Our study suggests that subsequent treatment with platinum/bevacizumab after previous treatment with the same yields a negligible response rate with a marginal impact on survival. Re-treatment of metastatic cervical cancer with PB combinations after prior PB combination therapy only occasionally resulted in long-term remission, with a median survival of 11.8 months. While just above the threshold for statistical significance and limited by the small sample size, these findings are suggestive, and should prompt others to explore this question. Any decision to re-treat with PB must be carefully discussed and considered by the oncologist and patient. One notable finding of this study was that the only patient to survive received not PB retreatment but an experimental immunotherapy agent. As Ring et al. have demonstrated, differences between the density of cytotoxic T cells in intra- and peritumoral stroma make immunotherapy targets a potential future for treatment of recurrent cervical cancer (Ring et al., 2017). Similarly, Howitt et al. have suggested that therapies targeting PD − 1 may prove beneficial in these patients, who have few other options (Howitt et al., 2016). Given these findings, as well as ours, women with cervical cancer who have persistent or progressive disease after a first course of PB should be counseled to consider clinical trials, including immunotherapy, or supportive care, given that further conventional chemotherapy does not only not lead to cure, but is also unlikely to result in substantial additional survival time.

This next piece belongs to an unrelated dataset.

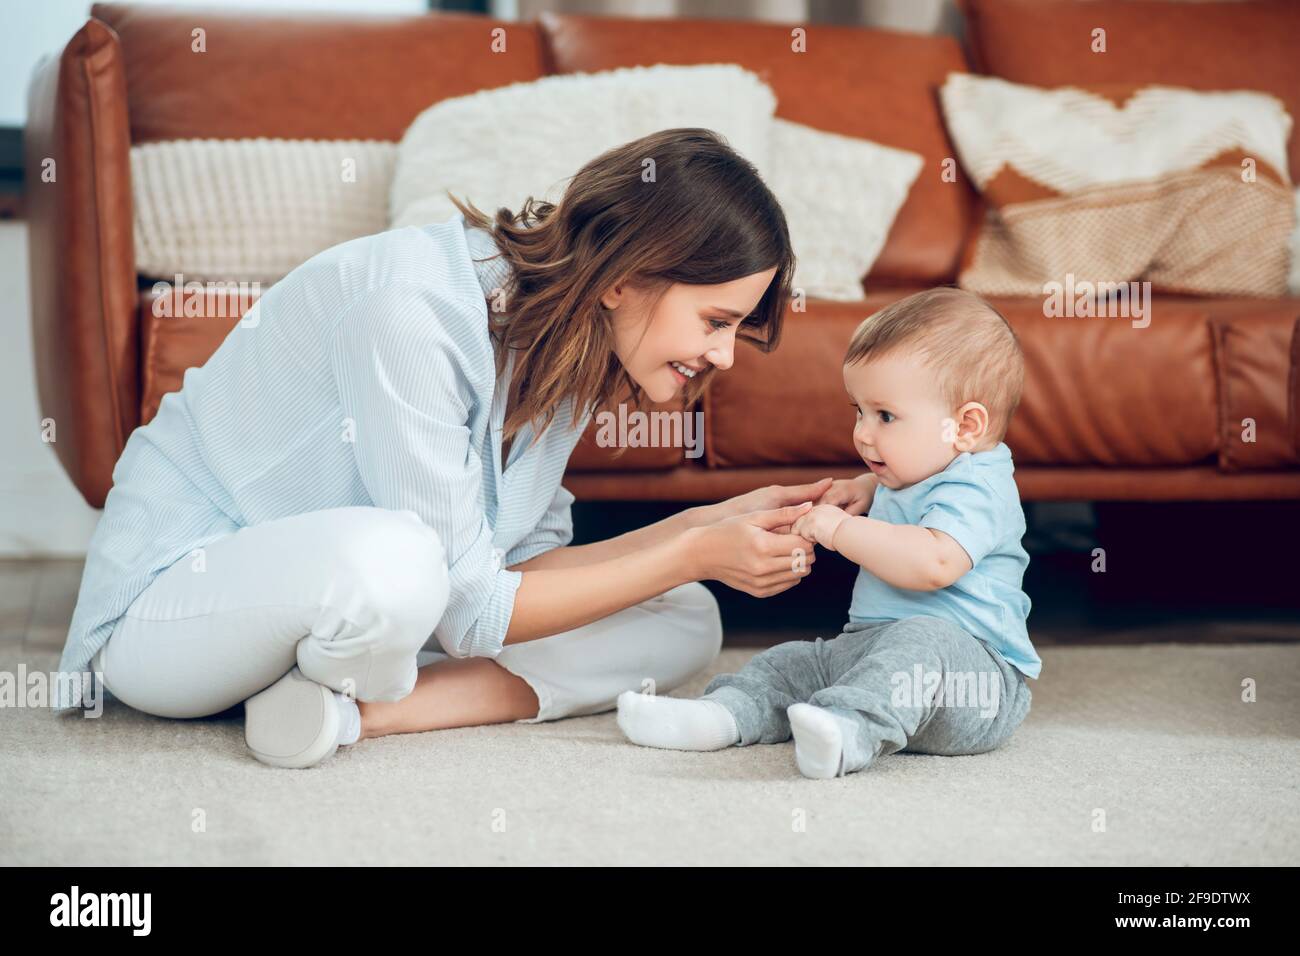 Mom and baby sitting on floor opposite each other Stock Photo

We did not find evidence to support a concept of “platinum sensitivity” after prior platinum therapy for cervical cancer. We analyzed patients who were re-treated with platinum therapy and compared their survival based on their treatment free intervals (TFI). While those with a TFI of > 6 months survived three months longer, this was neither statistically nor clinically significant. However, this should be validated by studies that include patients who receive therapies other than platinum/bevacizumab, as had been a specific inclusion criteria for this investigation. Others have previously investigated the concept of platinum sensitivity in cervical cancer, but with differing opinions. Takekuma et al. found that a PFI of 12 months had a strong relationship to the response to subsequent chemotherapy, but the study focused on re-administration of cisplatin versus a cisplatin analog (Takekuma et al., 2015). Matoda et al. found that a PFI of 24 months was the discriminating point in response difference (Matoda et al., 2013), however, we had no patients with greater than a 24 month TFI so were unable to replicate the analysis.

Limitations of this study include that it was a retrospective study at a single institution, therefore limited by the specific trends of chemotherapy use among a small group of physicians. It was also limited in the fact that we were naturally unable to include women who have been treated with PB for a first recurrence but have subsequently not recurred. At our institution, many of these women completed initial treatment with PB in the last 3 years, and as such, we do not yet have the data on their response to a subsequent recurrence's treatment. Since the use of the PB combination therapy is relatively new, future studies are necessary to evaluate how this chemotherapy trend affects outcomes. Larger series are needed to assess whether women who showed complete response to an initial PB treatment have increased survival when they are retreated with the same.

This study was also limited in that there was no control for downstream chemotherapies following subsequent PB treatment. Four out of the 9 patients in the PB group were treated with a chemotherapy regimen following subsequent PB. One of these patients was treated with two subsequent regimens; she progressed on each. Similarly, four patients in the not-P group received subsequent chemotherapy treatments. One received three future therapies and progressed on each.

In conclusion, women with cervical cancer after PB therapy face difficult choices, and supportive care may be a rational option for many. Retreatment with PB is associated with marginally better survival but few patients survive beyond a year. Clinical trials may offer the best hope.